Hospital Sote, e outros, podem reduzir quadro de profissionais devido a crise

Da Redação
A reportagem do AP destacou no dia de ontem (27) matéria informando sobre a crise que se abateu nos hospitais privados e filantrópicos de todo o país. De acordo dados, houve uma queda de até 90% no movimento por causa do cancelamento de exames e cirurgias eletivas causados pela pandemia de Covid-19.
As entidades representativas de hospitais calculam o montante de perdas, mas já observam instituições dando férias coletivas e dispensando funcionários, algumas sob ameaça de fechamento a partir do fim do mês.
Nos municípios de Juazeiro e Petrolina, donos de hospitais já começaram à dar sinais de turbulências com redução do quadros de profissionais. Segundo informações chegadas ao AP, por parte de alguns profissionais médicos, o Hospital Sote pretende reduzir o quadro de contratados, sendo que neste momento da pandemia, só ficarão atendendo os sócios. “À não ser que o sócio passe o plantão para um outro colega contratado, e ele mesmo se responsabilize pelo pagamento devido a contenção de despesa. Isso nos preocupa bastante porque os serviços de emergência do SUS foram transferidos para a unidade de saúde durante o dia”, informou a fonte.
Já em Petrolina, segundo informações de mais outro profissional de saúde, na semana passada o hospital em que trabalha como contratado, o salário foi reduzido juntamente com a carga horário de trabalho. “Já houve algumas demissões, e caso a situação não melhore a direção já sinalizou mais reduções de quadro. O clima entre os colegas de trabalho está péssimo”, lamentou. Outros hospitais nas duas cidades estão passando pelo mesmo problema.
A FBH (Federação Brasileira dos Hospitais), entidade que reúne 4.000 hospitais no país, a maioria pequenos e médios, diz que o impacto é tão severo que muitas das instituições não têm fôlego para fechar o mês de abril. Cerca de 70% delas se dedicam apenas a atendimentos eletivos.
“Os hospitais grandes ainda conseguem aguentar dois, três meses. Mas os pequenos e médios, que carregam o Brasil, vão fechar as portas, estão quebrando, não conseguem pagar os colaboradores [funcionários]”, diz o urologista Adelvânio Francisco Morato, presidente da FBH.
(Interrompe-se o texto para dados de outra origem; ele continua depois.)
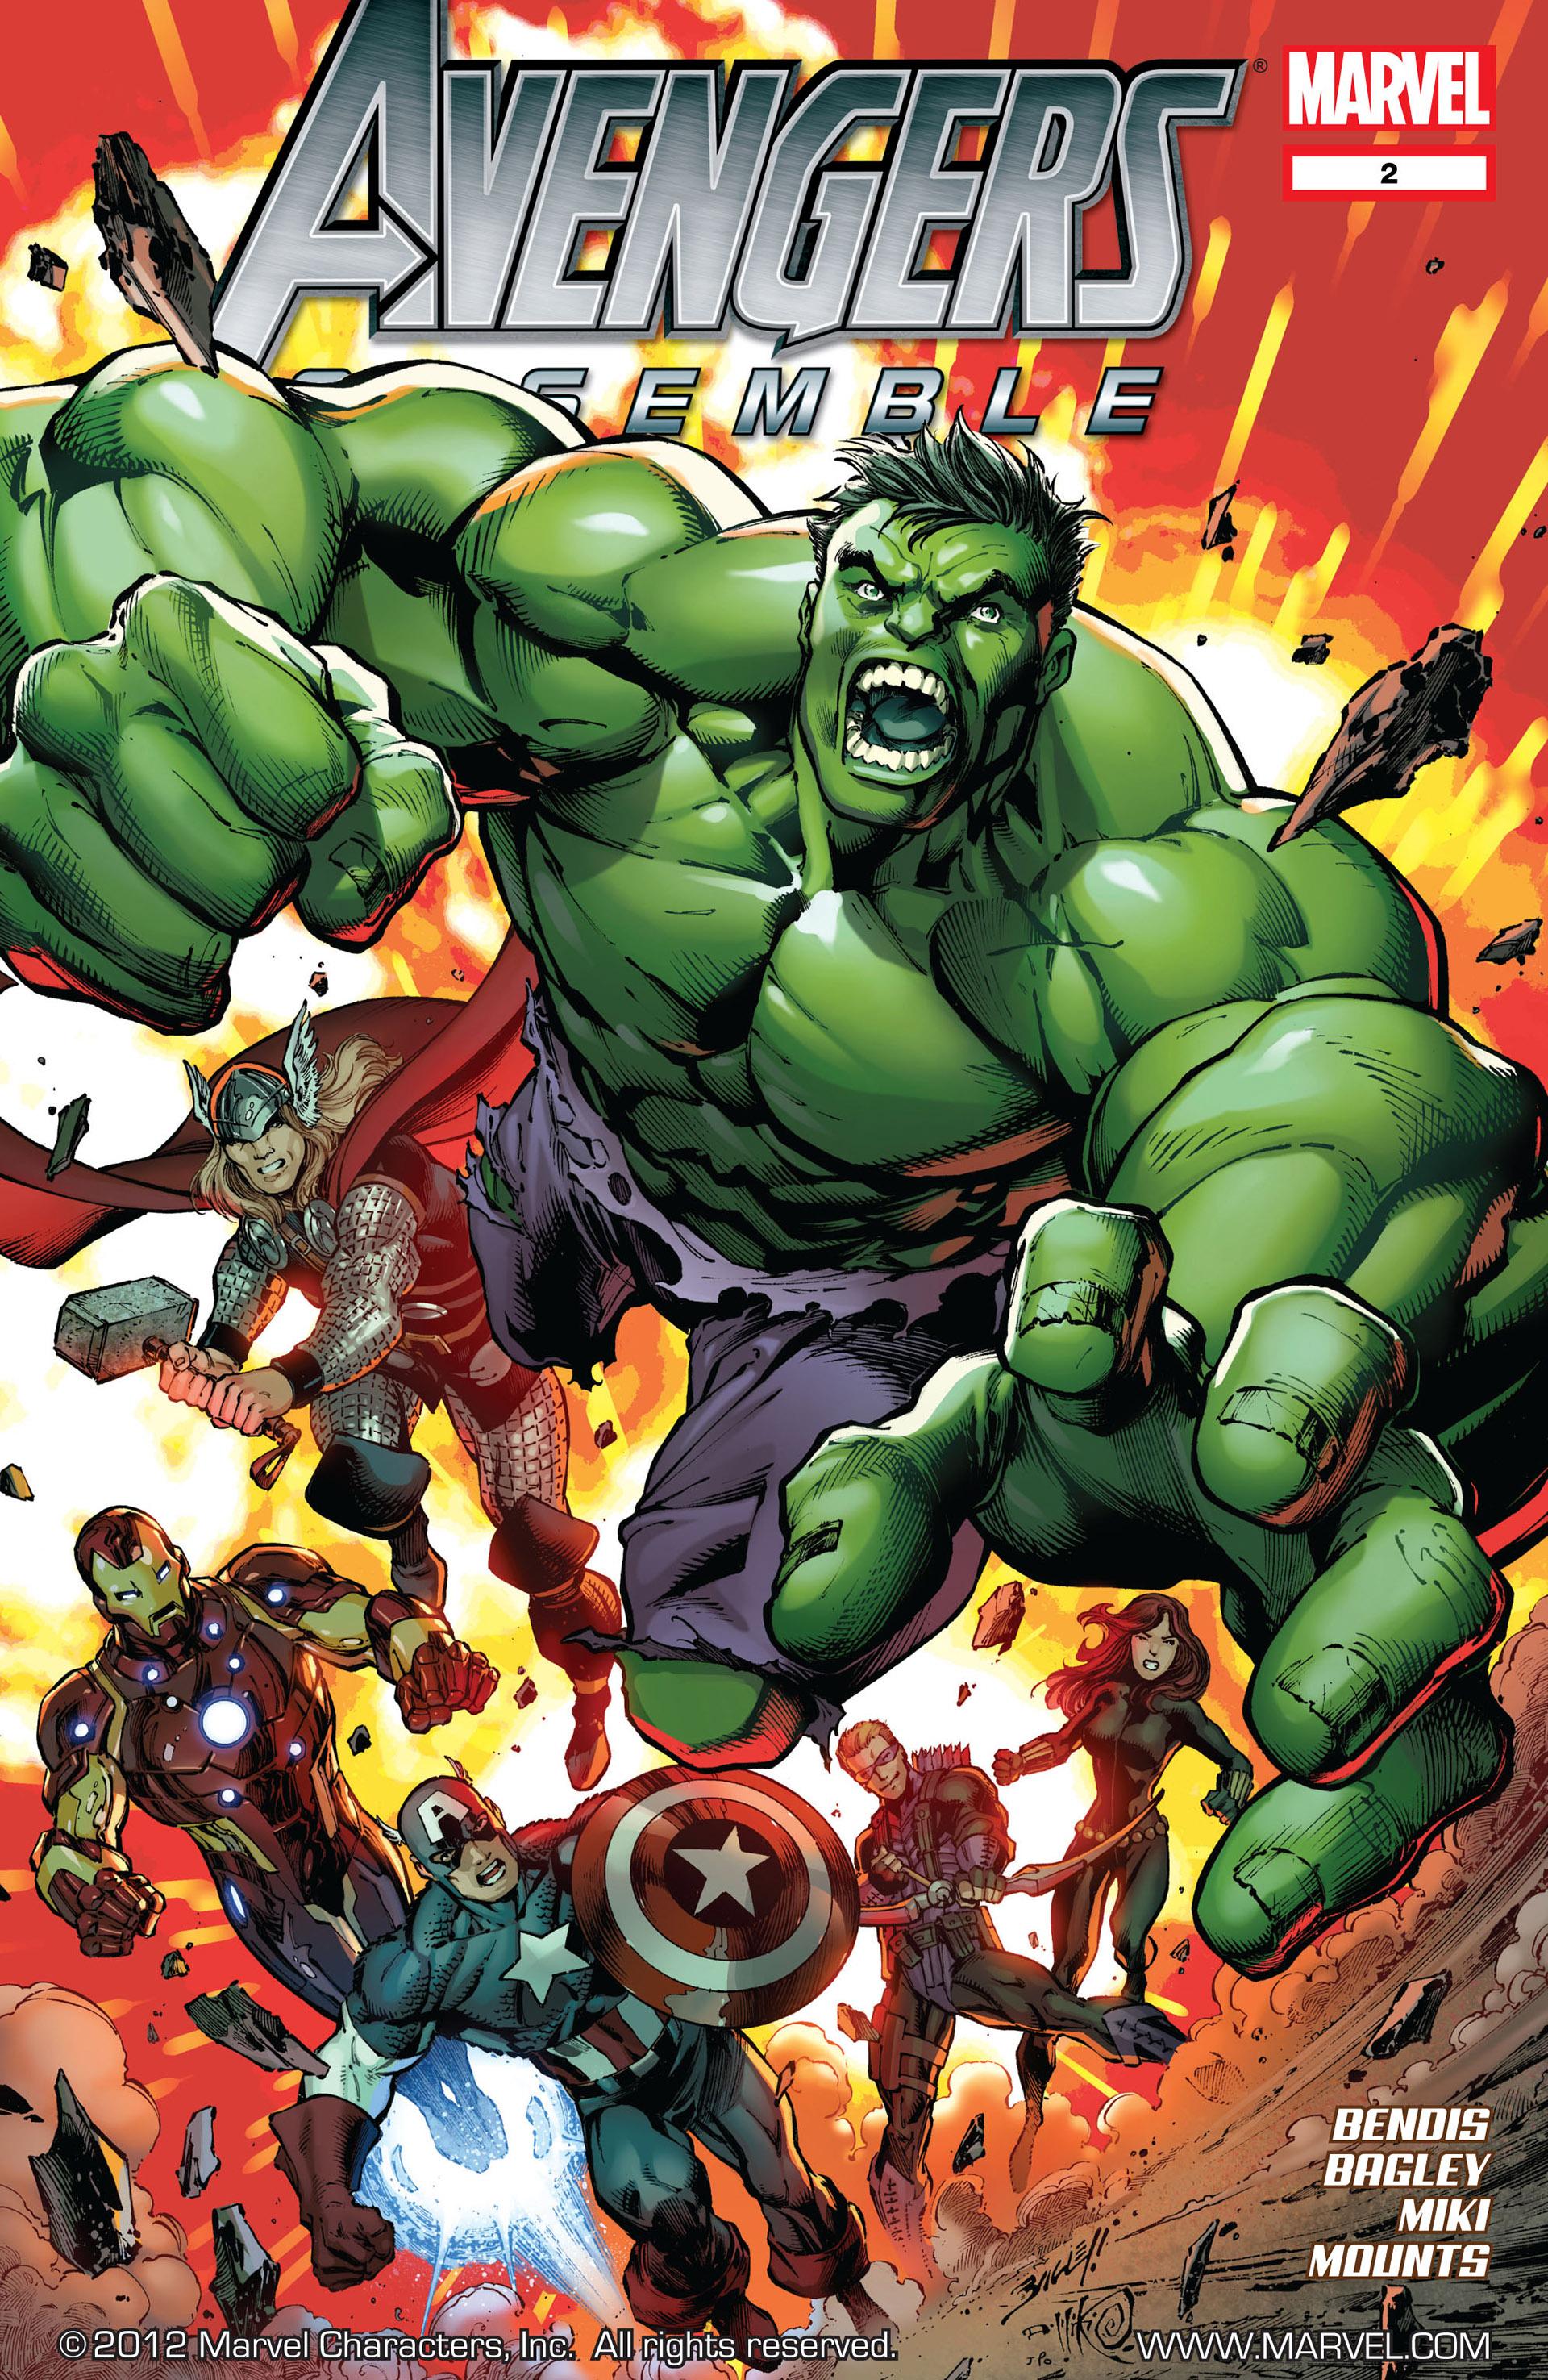 Avengers Assemble (2012) 2 Page 1

Morato cita o próprio exemplo. Ele dirige um hospital em Goiânia com 90 leitos dedicados à urologia, cardiologia e cirurgia geral. Trabalha hoje com apenas 10% da capacidade —até fevereiro, a taxa girava entre 75% e 80%. Como urologista, fazia 250 procedimentos ao mês. Entre março e abril, não chegou a 50.
A Anahp (Associação Nacional de Hospitais Privados), que concentra 122 instituições de ponta como Albert Einstein, Sírio-Libanês e Oswaldo Cruz, tem avaliação parecida.
Diz, porém, que o impacto na receita será sentido a partir de 15 de maio porque planos de saúde demoram de 45 a 60 dias para pagar atendimentos prestados aos seus usuários.
A reportagem do AP tentou contato com a direção da Sote e não conseguiu. O espaço está reservado para que possa se manifestar.